Meitner was born to an upper-class Jewish family in 1878 in Vienna, Austria, the third of eight children for Philipp and Hedwig Meitner. Her father was one of the first Jewish lawyers to practice in Austria. Meitner and all her siblings pursued advanced educations and were brought up with the open liberal spirit of their father. At the time, women were prohibited from higher education in Austria until 1897. Lise was a curious and enthusiastic young woman who joined the University of Vienna in 1901. She became the second woman to earn a doctorate in physics at the university in 1906.
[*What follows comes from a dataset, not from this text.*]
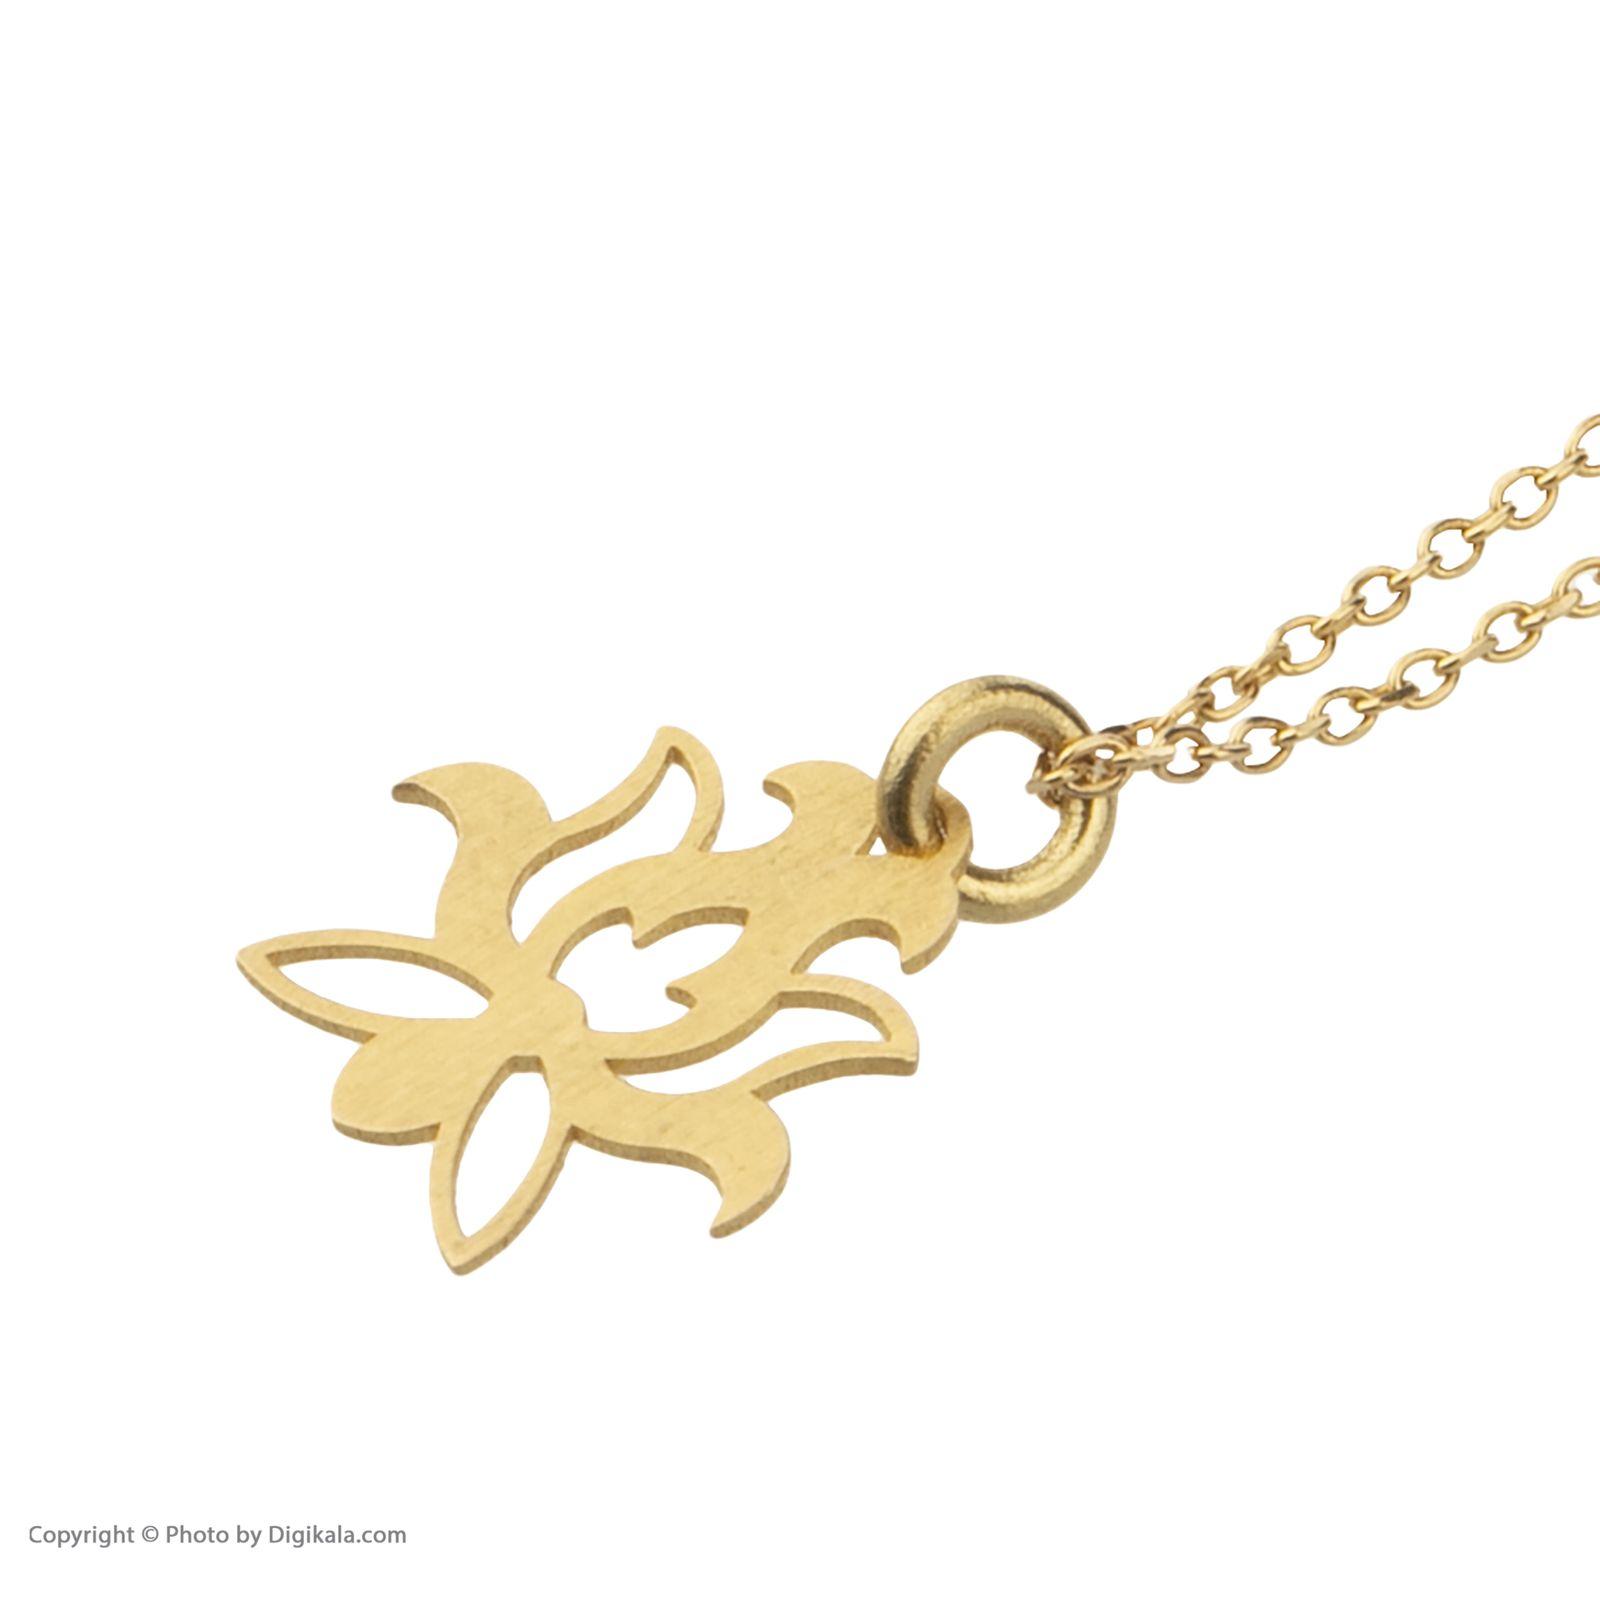 آویز ساعت طلا 18 عیار زنانه میو گلد مدل GD613 -  - 4

Lise then moved to Friedrich Wilhelm University in Berlin where she attended the lectures of famed German physicist Max Planck. Here she also began her lifelong collaboration and friendship with chemist Otto Hahn. As women were not allowed to work in higher education in Prussia, Meitner only had access to the basement laboratory through a back door and was forced to use the restrooms in a nearby restaurant as she could not enter the institution. Her early work with Hahn focused on the physical separation of neutrons from elements, the discovery of several isotopes, and understanding the resulting energy release, known as beta-radiation. In 1921, Meitner and Hahn moved to the newly founded Kaiser Wilhelm Institute (KWI) for Chemistry where they continued their work on nuclear isomerism and radioactive decay. Meitner had to work unpaid at first. That was until Max Planck, who notoriously opposed the education of women, took a keen interest in Meitner and hired her as his assistant, which entitled her to a salary. Her research was interrupted during the First World War when Hahn was called to active duty in the army. During that time she worked as an x-ray nurse technician back in Austria. Upon her return to Berlin, she again pursued her research, mostly alone as all the men were still at war. She worked on the beta-radiation spectrum and discovered a new element, the mother isotope of actinium – protactinium 231 (231Pa).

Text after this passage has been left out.